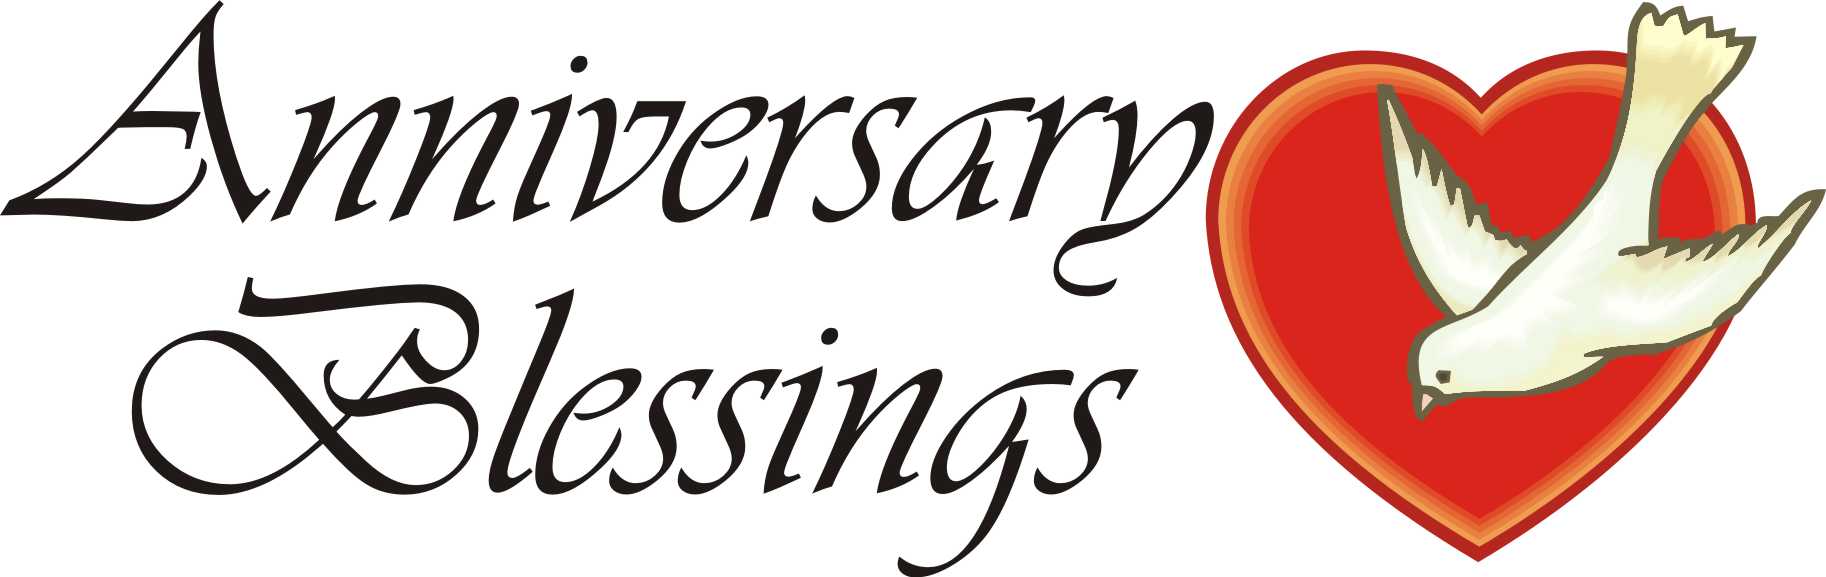 Anniversary Blessings - Kerr Resources
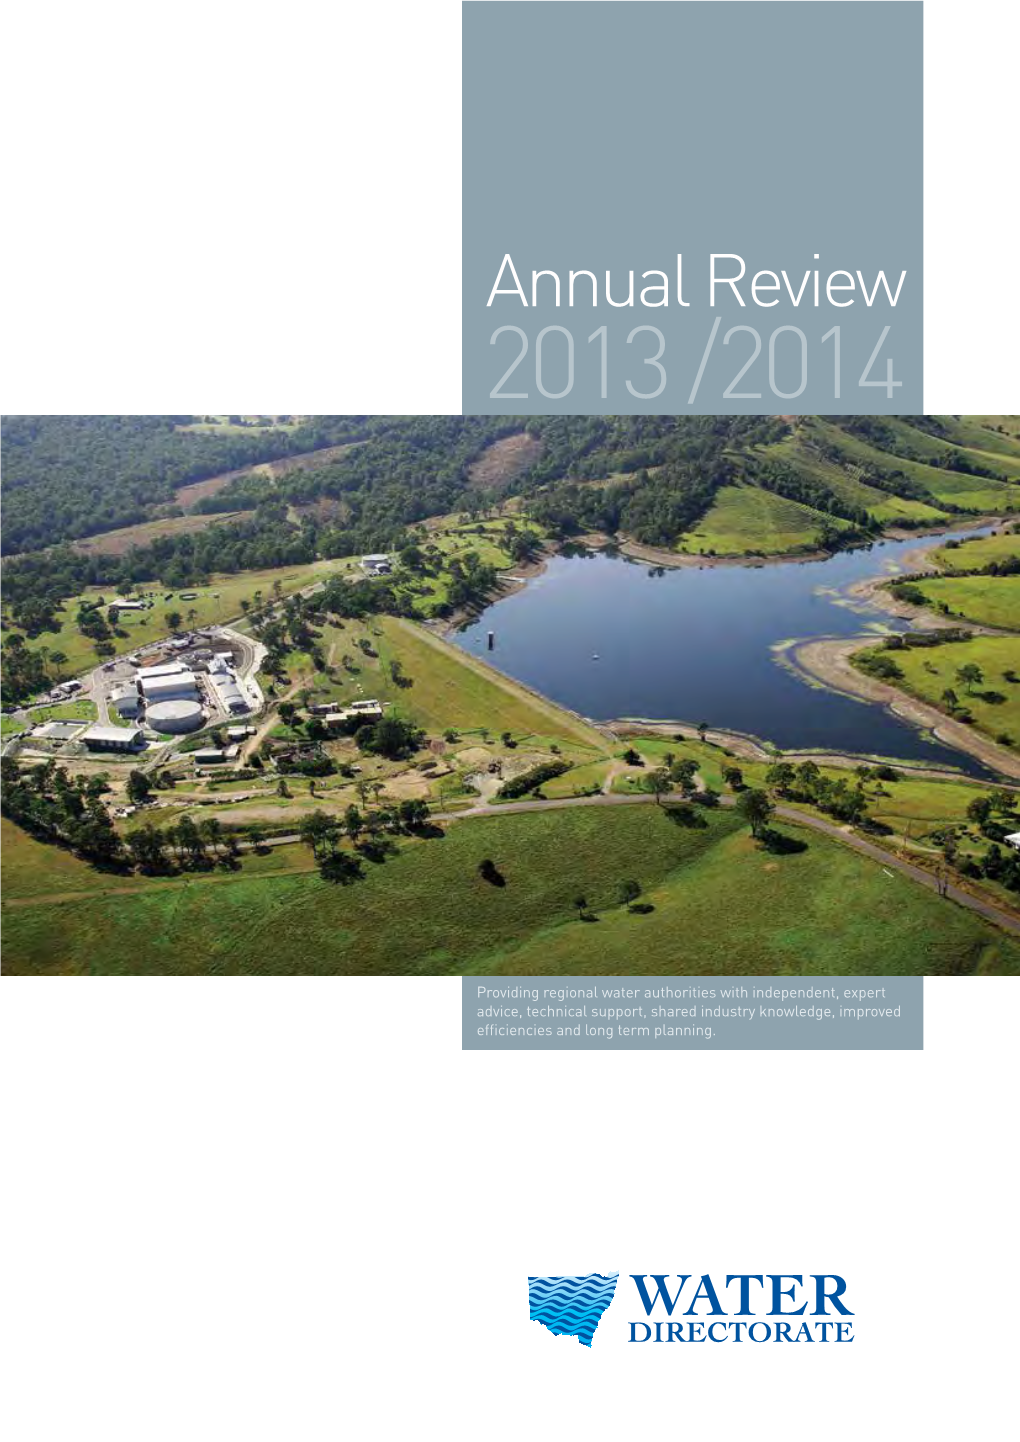 2013/14 Annual Review
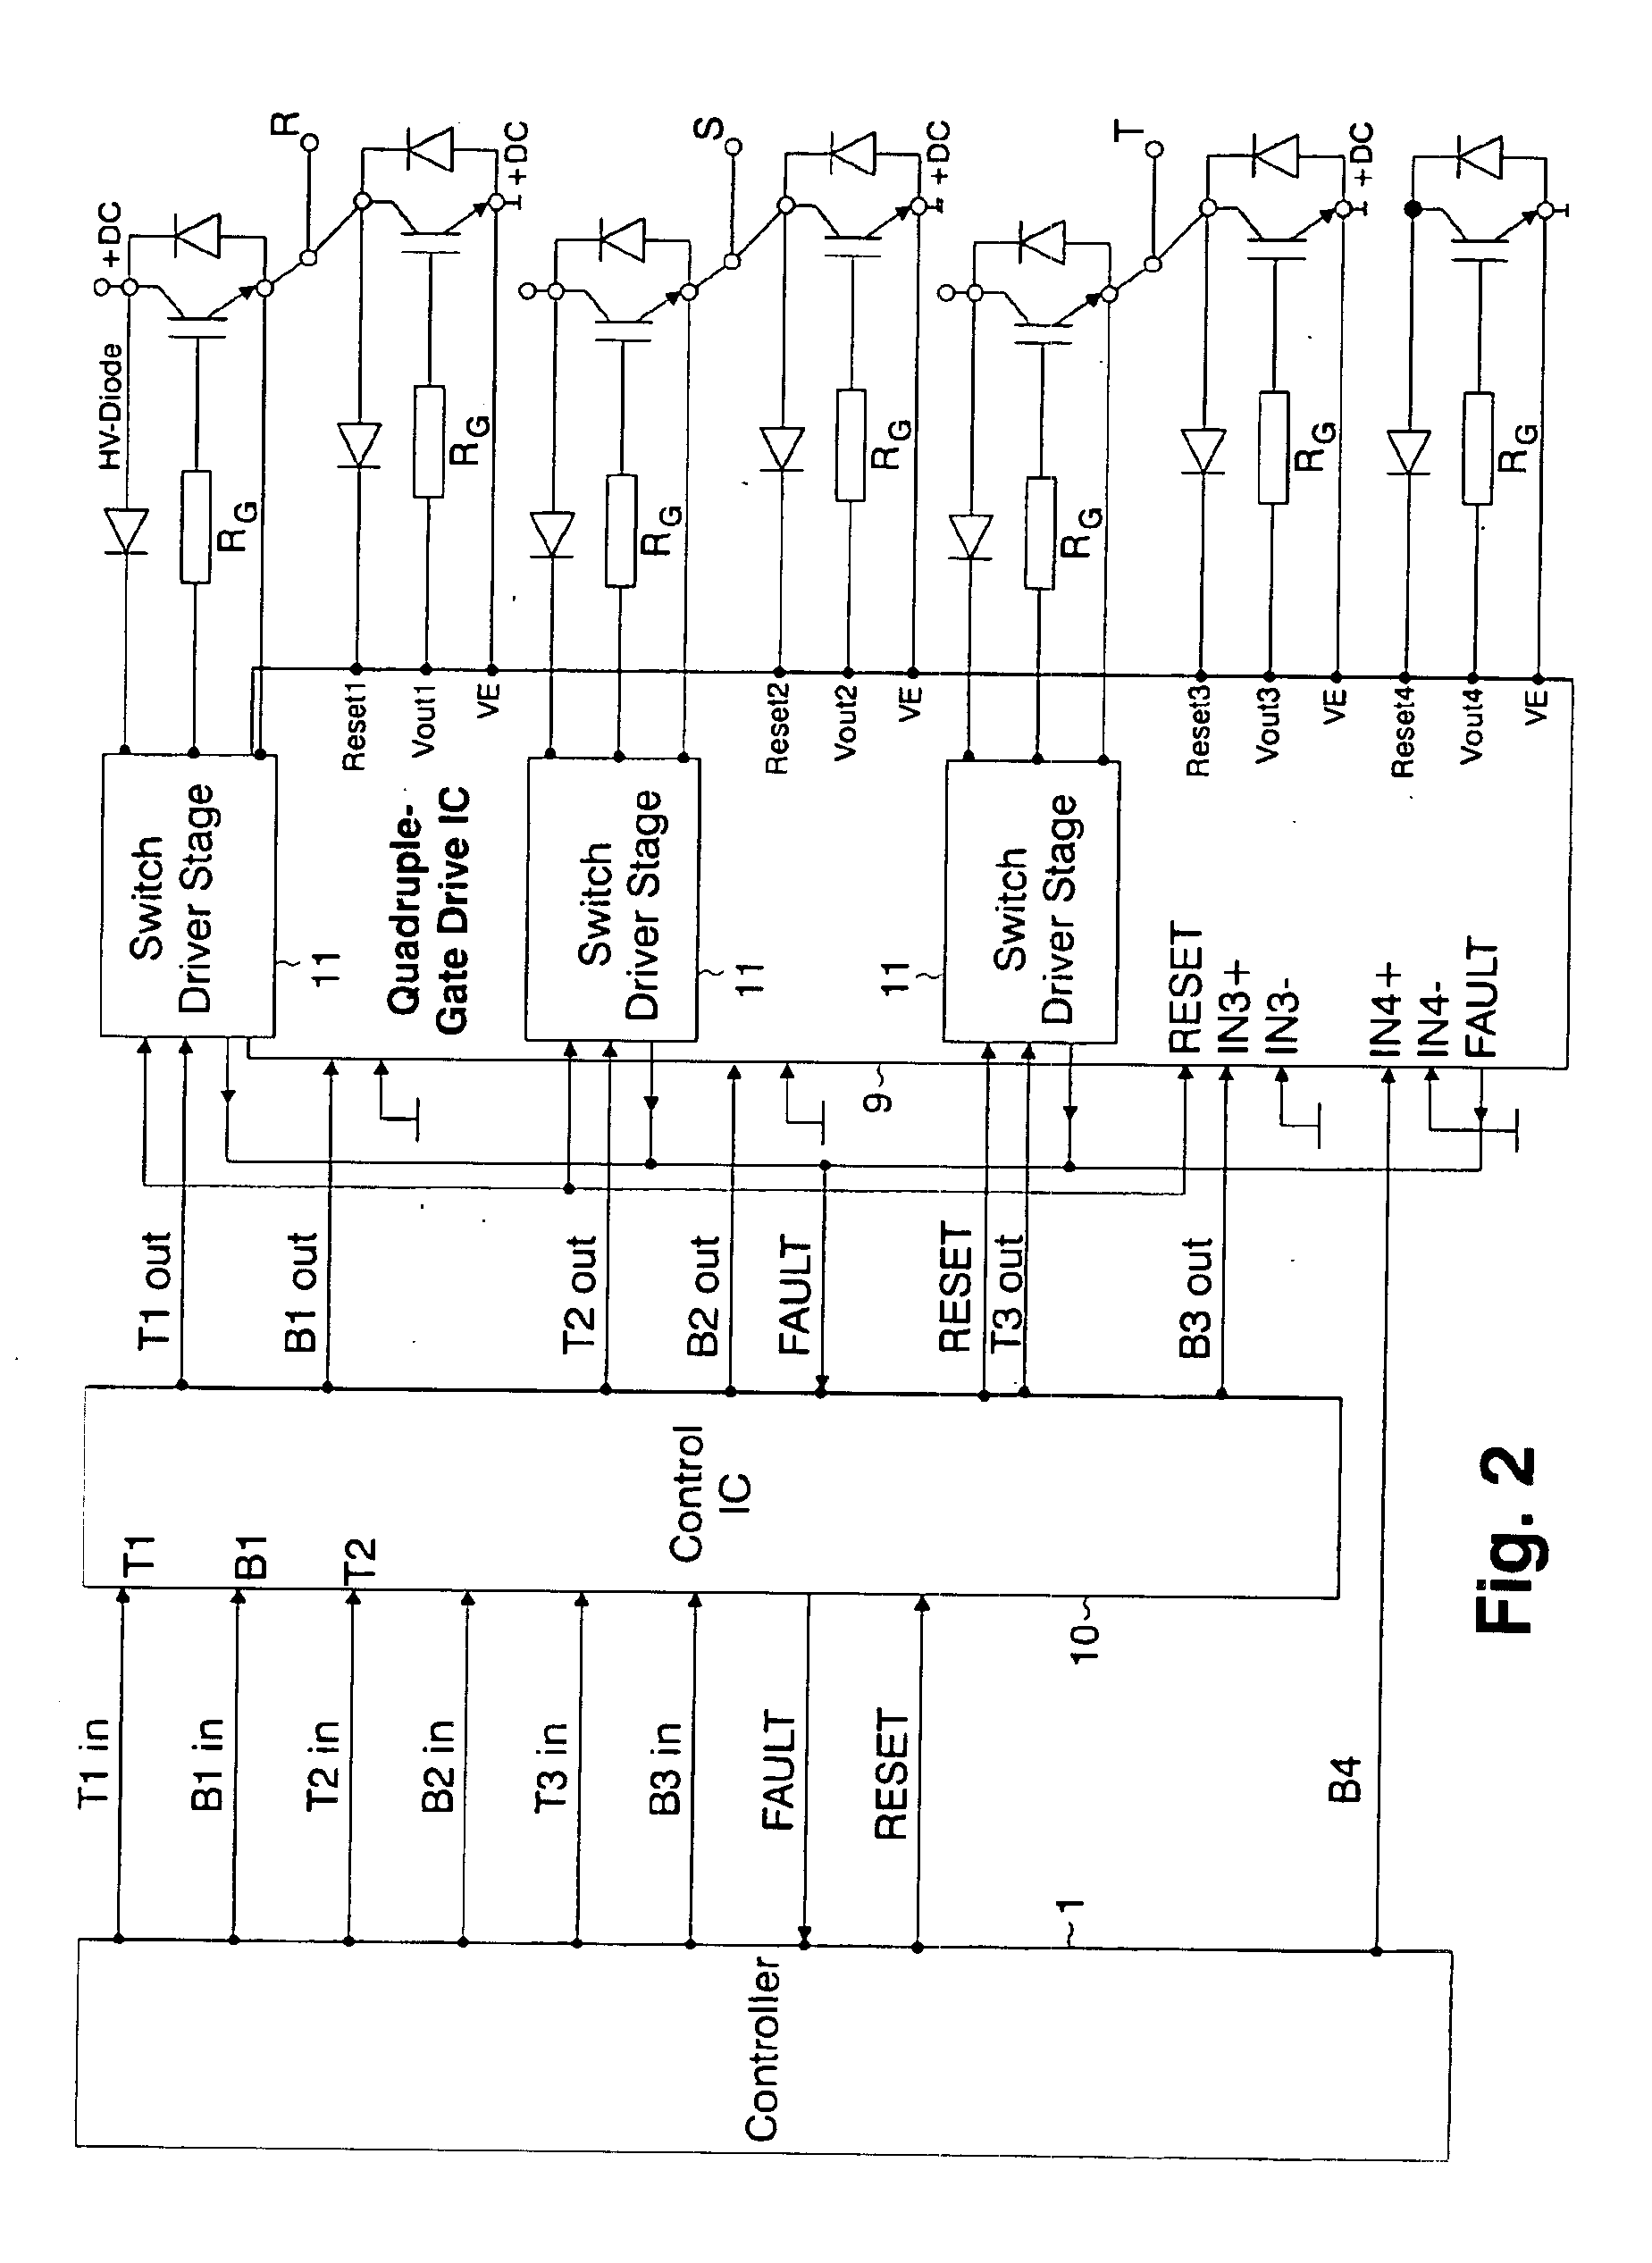 Semiconductor component for controlling power semiconductor switches
════════════════
• Exercise details: The data should be printed again unchanged; leave its pictures out.

• Reply to the exercise:
 Anniversary Blessings - Kerr Resources
 2013/14 Annual Review
 Semiconductor component for controlling power semiconductor switches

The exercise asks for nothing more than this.